Episode 97 – “The Gift”

Philosophy attempts to come up with and to answer our most basic questions. Those questions can include questions about philosophy itself, including the question of whether the questions of philosophy really are basic questions. Is philosophy is constrained by our social, cultural, historical, and economic circumstances or can philosophical inquiry transcend or bypass such contexts? Are the philosophical questions raised by such philosophers as Plato, Aristotle, Aquinas, Descartes, Kant, Kierkegaard,  and Wittgenstein, really fundamental questions, or do they depend on assumptions and influences of the conditions under which they were formulated, such as the prior beliefs, cultural practices, and even language? Asked positively: Are there philosophical questions that can be raised and apply to all cultures, historical periods, and can be formulated in any natural language?

Whether philosophical questions are truly universal or instead are culturally relative is raised in “The Gift” when Serling, describing the location of story as forty miles south of the Rio Grande, in Mexico, adds, “But any place – and all places, can be … the Twilight Zone.”  His point is that our ability engage the imagination to consider possible worlds is not constrained by the the details of the setting or location for that engagement.
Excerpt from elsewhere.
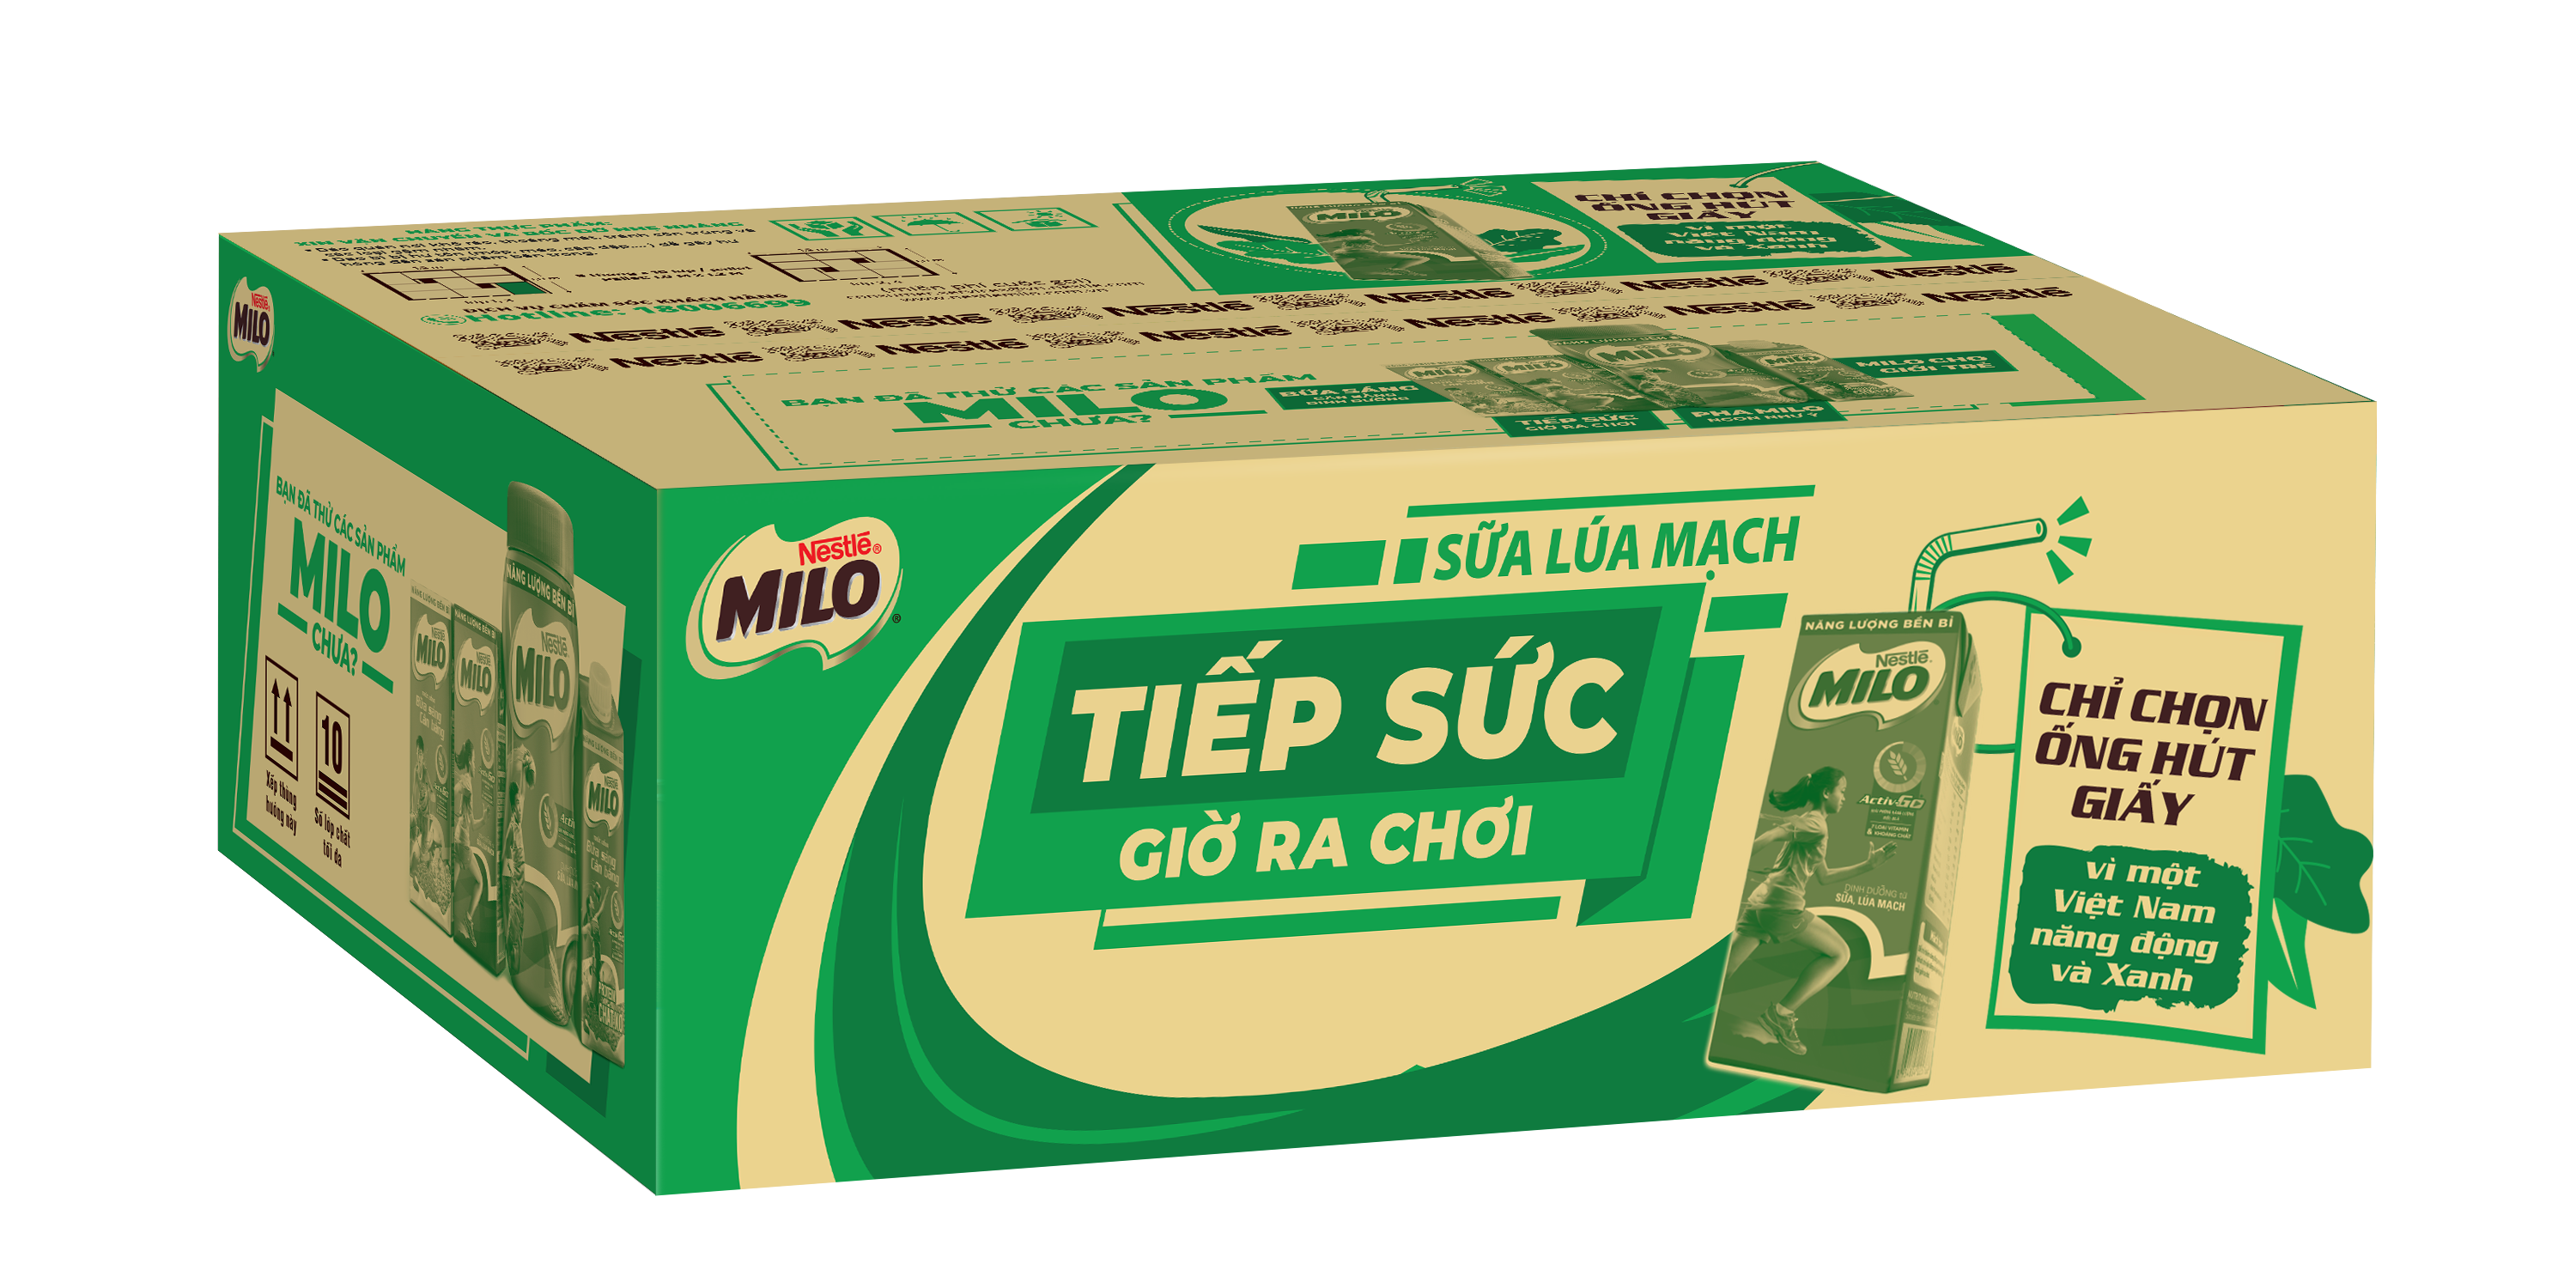 Thùng sữa lúa mạch Nestlé Milo (48 hộp x 180ml) [Tặng 1 túi đeo chéo - Giao mẫu ngẫu nhiên]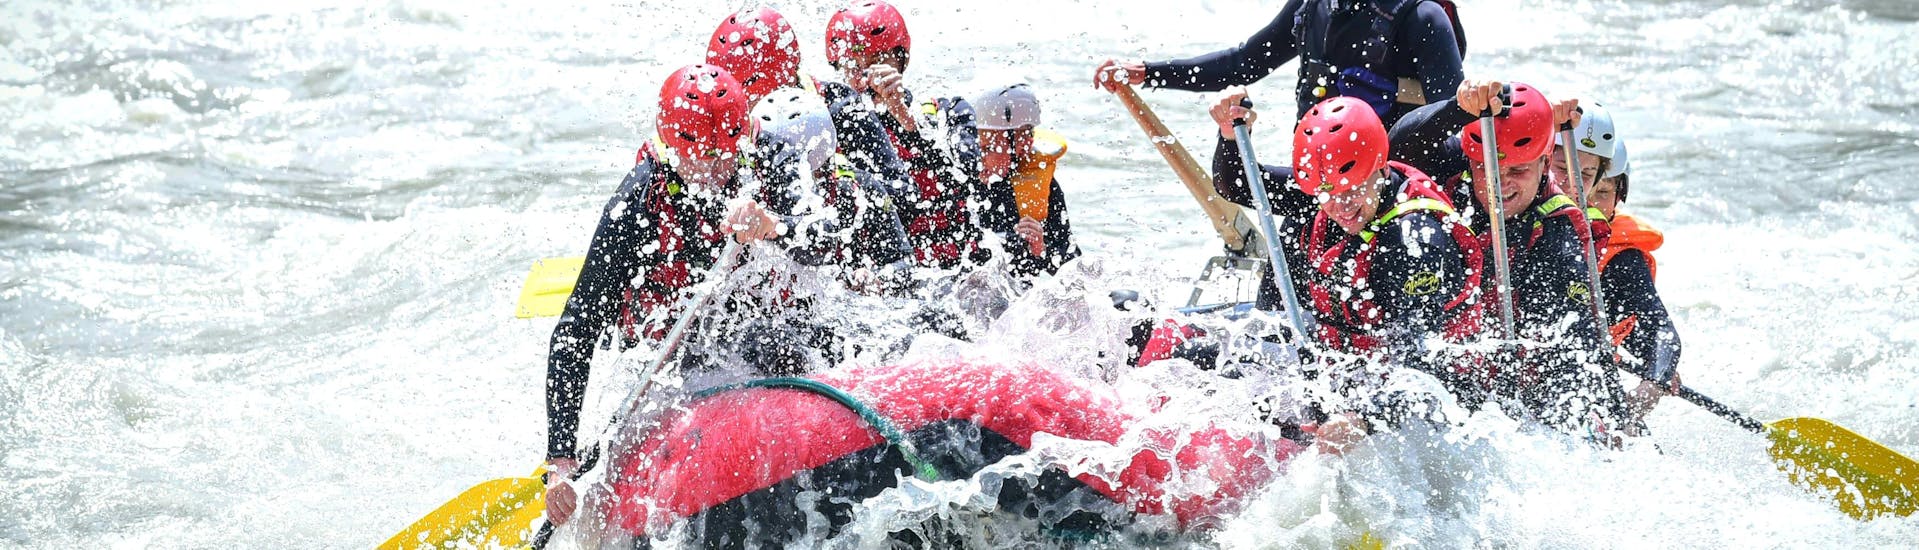 Een raftinggroep die de wilde golven en rollen van Ötztaler Ache beheerst tijdens hun Rafting Tour "Extreme" met Experience samen met twee door de staat gecertificeerde gidsen van Natur Pur Outdoorsports.

Any actual time or place can be used to construct a possible world which can serve as the basis for our philosophical investigation.  Of course this is just a claim and not an argument. But the use of Mexico as the setting, a setting that would have been very unfamiliar to most U.S. television viewers in the early 1960s, is at least the beginning of an argument.

The particular imaginative exercise in “The Gift” asks us to consider h0w we would act if confronted by a being clearly unlike us, a being from another planet or realm, a creature bearing gifts.  The exercise is similar in some respects to that of “To Serve Man,” where visitors from another planet also arrive with gifts, and after some initial skepticism, we place our trust in them. In “The Gift” we fear and then quickly destroy the visiting stranger and its gift.  The difference in the two cases is that in the former, the aliens’ gifts were just lures to attract and deceive us, while the gift in “The Gift” was real and significant.

Perhaps the conclusion we should draw is that we are not particularly good at distinguishing threatening actors from benefactors, particularly when they come from
beyond the stars. This may be a particularly good example of a feature of human nature that really is universal, and not historically or culturally bound.  The fear-fueled reaction of the rural Mexican town are not the result of their occurrence in Mexico, or in a rural area, but are the typical responses of human beings anywhere.

Could more appropriate responses be learned and mastered over time? The question is raised in “The Gift” when the visitor draws the explicit parallel of his treatment to the treatment of Jesus. He says that it’s taken a few thousand years for people to come to grips with Jesus’s visit among people, and so it is not surprising that he’s met with a hostile reception. Maybe we learn to curb our emotions and more accurately assess threats and benefits, or maybe we can learn to have the appropriate emotions in response to novel interactions.